“Alas, Professor!” I cried, “it makes little difference about the abnormality. Admit an exception and the law is dead. We could conjure with the law. What can we hope to do now? The American girl dotes on exceptions—especially on illustrating them.”

“You must remember,” said the Professor, her eyes glowing solemnly, and with the tone of being consciously judicial and at a great altitude, “you must remember certain facts about the selecting—the pairing—instinct. Now, in the case of man it is necessary that the selecting instinct be special and not general. So long as a man permits himself to think of woman as an abstraction, continues to admire ideals of womanhood and does not seek or is not drawn to seek charms in a particular woman, he is likely to remain a bachelor. His instinct must be, and has become by centuries of custom, an instinct for specific selection. On the other hand, the instinct of specific selection so favorable to the man, is distinctly unfavorable to the woman—that is to say, unfavorable to the woman if we accept marriage as her natural destination. A woman who grows up with the habit of mind which predisposes her to search for a particular man, is likely to remain unmarried. To favor pairing in her case, the instinct toward marriage must be general rather than specific. A woman does not select a mate from all the men in the world, as a man is supposed to select a mate from all the women in the world. She selects from among those who ask her, or, at most, from the group which she may have attracted into debatable ground.”

“But—” I interposed.

“Wait a moment,” pursued the Professor firmly. “This is not to say that a woman has no actual right to a privilege of selecting quite as definite as that permitted to man. It simply is saying that under present customs an effort toward specific selection on her part is not favorable to marriage. There may, and probably will, come a time when custom will permit to woman a more specific selection, without hazard as to the chance of marriage, and without loss of status on her part in any resulting marriage.”

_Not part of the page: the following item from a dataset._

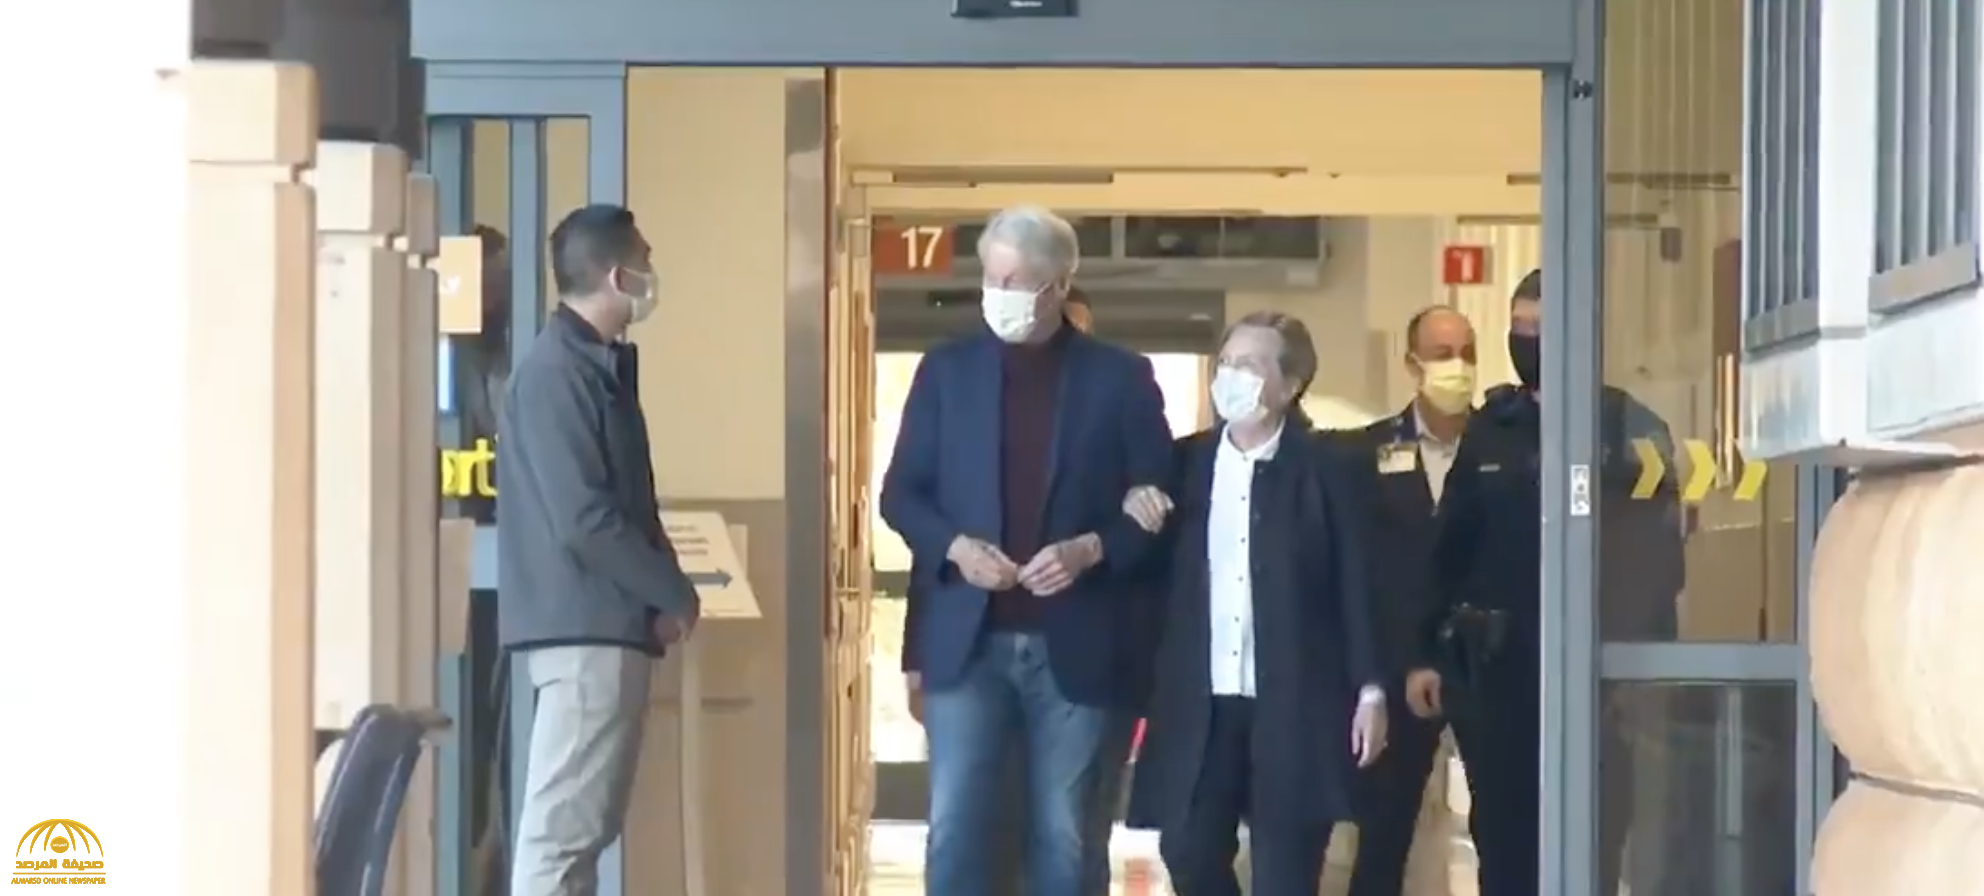 شاهد: أول ظهور لـ"بيل كلينتون" وهو يغادر المستشفى برفقة زوجته هيلاري كلينتون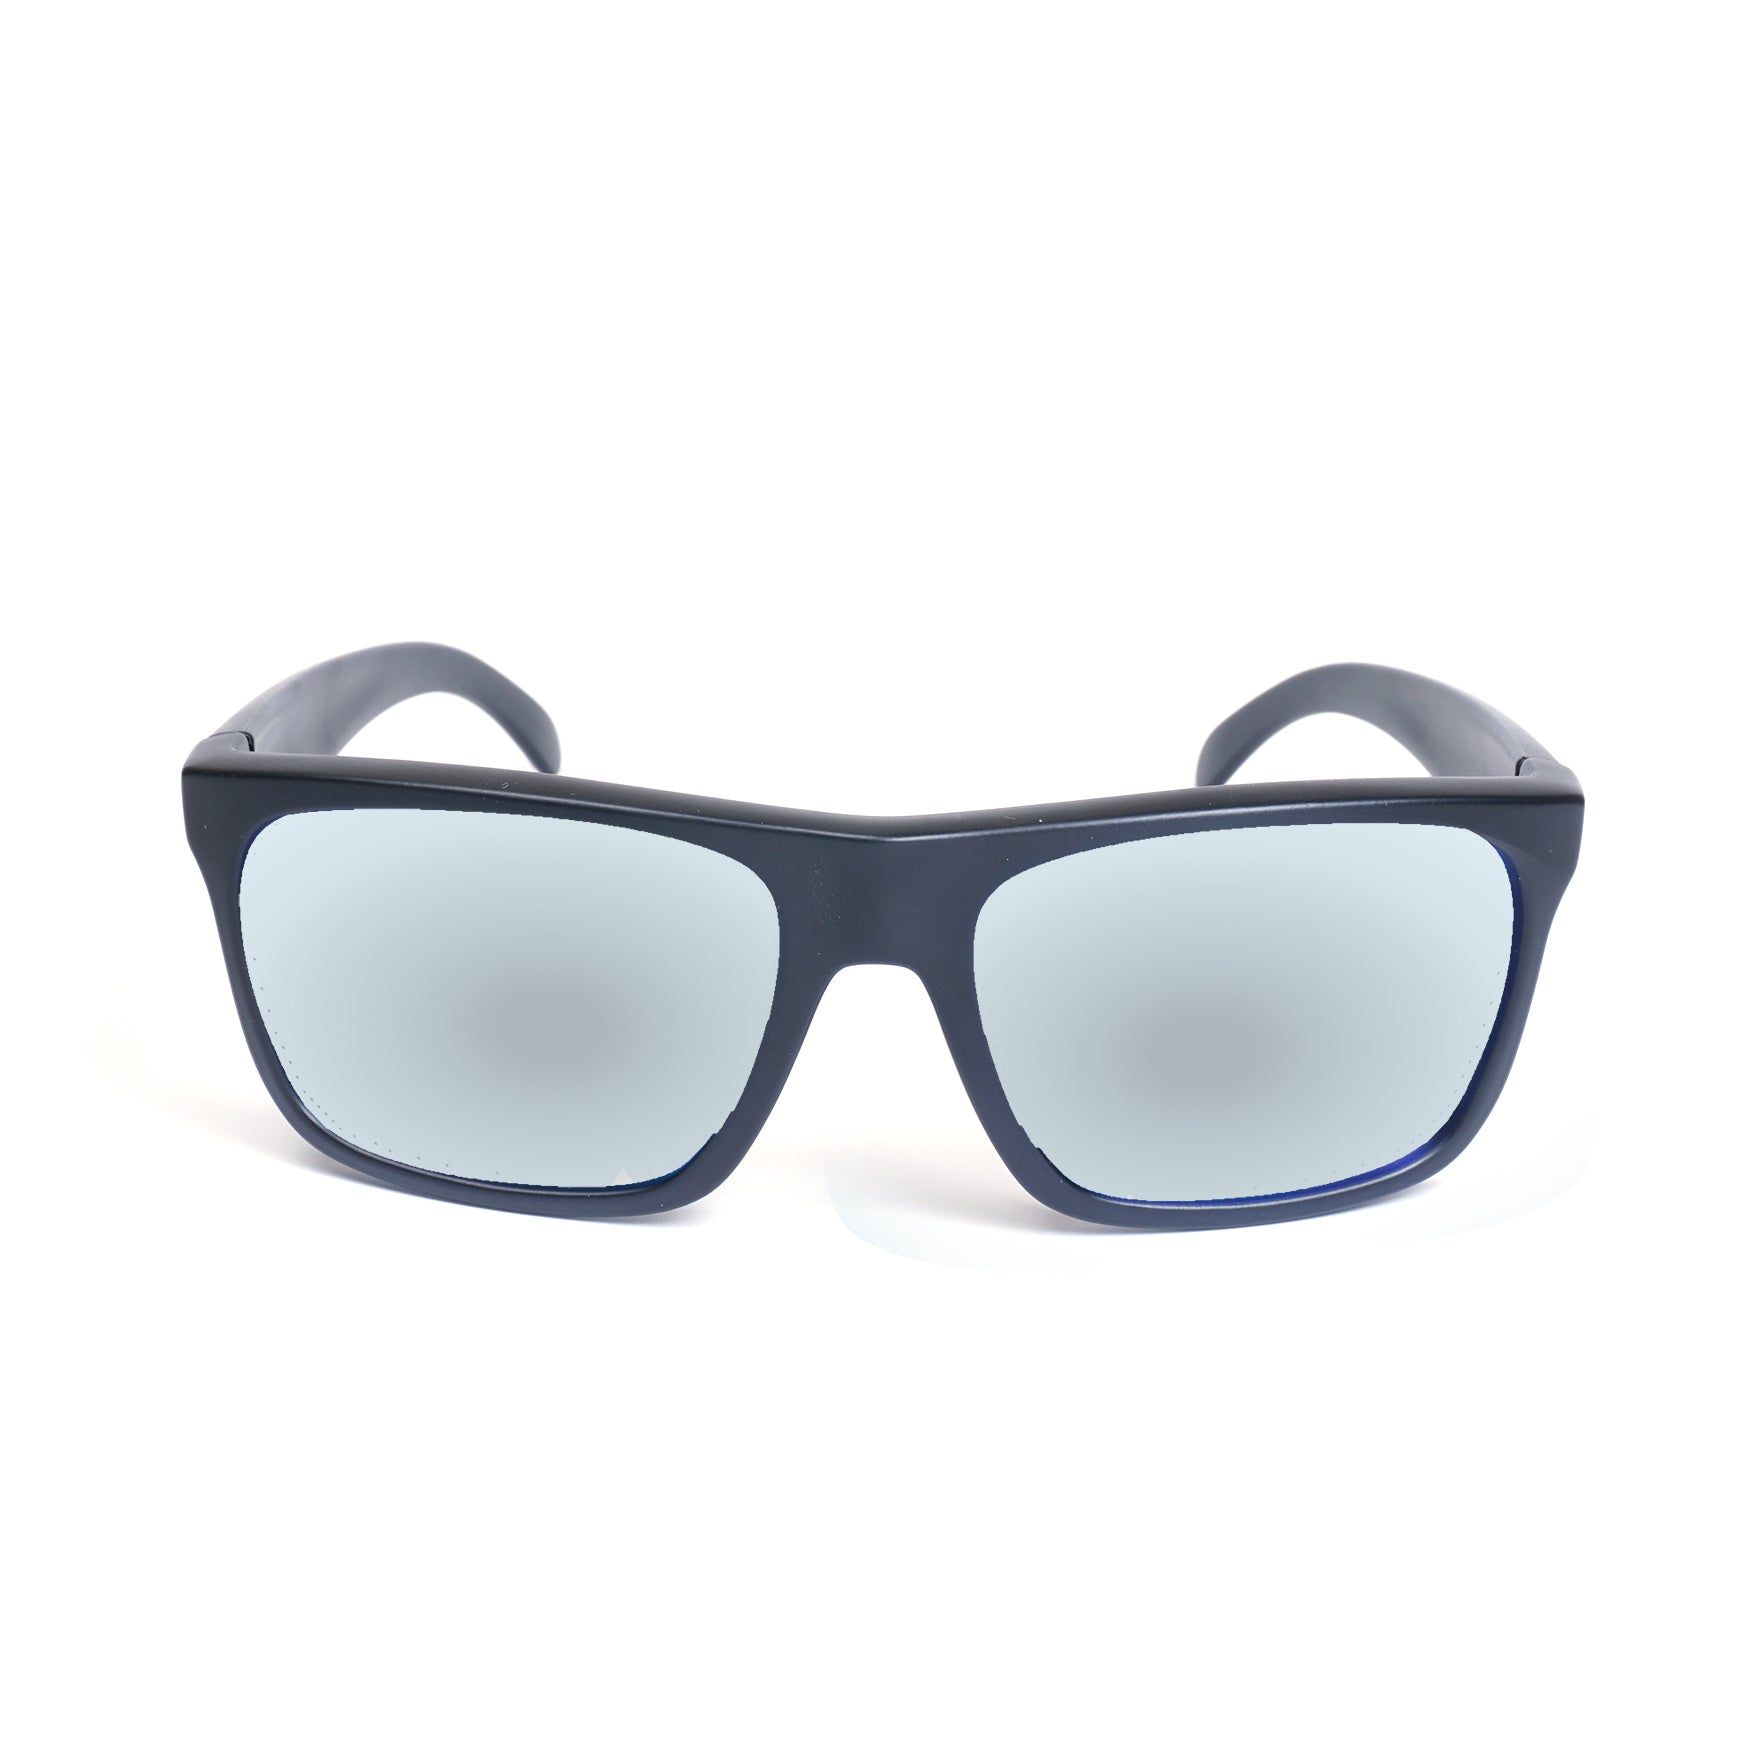 Cast Floating Sunglasses - Polarized

“I am glad,” I said, “that you have touched that point, for of course woman could not afford to be specific at the loss of prestige. It seems to me that the present system gives an immense advantage to women, since, in any matrimonial emergency she may always retort, ‘Nobody asked you, sir.’ Man’s initiative gives her the benefit of the doubt in all after judgments from the world; for if man selects her, and she accepts him or yields to his selection, and there should possibly be error, plainly, as with Mark Twain’s mistaken lynchers, the joke is on him. She cannot escape responsibility, but her responsibility always is lesser, and all the privileges of reservation are on her side.”

“My personal opinion,” observed the Professor (I always accept this form of approach as a great concession), “is that she loses more than she gains by these conditions. It is generally believed that during the past century, particularly during the past half-century, woman, and especially the American woman, has been selecting more definitely than at any previous time in the history of civilized society. One result of the habit of a more specific selection on the part of woman is a decrease in the number of early marriages among women in circles or classes where these ideas prevail, and a general increase in the whole number of unmarried women. It may be that a further development of this instinct will still further increase the proportion of the unmarried, unless custom shall so far modify the arrangement of marriages that women may more equally participate in the selection without, as at present, exciting the antipathy of society, or, as you have suggested, destroying her prestige under the partnership. There is, of course, no final reason why matrimonial partnerships should not be arranged upon a basis of as perfect equality as any other partnership. It simply is a question of instinct on the one hand and expediency on the other.”

I quote the Professor’s opinions here with especial gratification, since in this instance they seem triumphantly free from sex bias,—a freedom which, indeed, is a growing trait with women. And there is something not always comfortable in the sign. Is the time coming when we no longer can say, “Just like a woman”?

Perhaps we may discover that sentiment has more to do with the case than has been supposed. If the progress of education has menaced sentiment, who shall say that the greatest of sentiments may not be the first to suffer? Nothing is truer than that all women are not equally capable of sentiment. Some women seem to like the symbol of an emotion quite as well as if it were the genuine article. To them the innocuous make-believe of love is quite as satisfactory as the real thing. They play with a great sentiment as they used to play with their dolls, which gave much less trouble than real children and furnished just as much sentimental excitement as if they actually had been alive. I suppose this is particularly true of imaginative women, who know how to drape their souls in nun’s garb and let their fancy play the devil. Their character is illustrated by the modern fashion which permits them to wear gowns sombre to superficial observation, but which, you may have the opportunity to discover, possess a riotously crimson lining.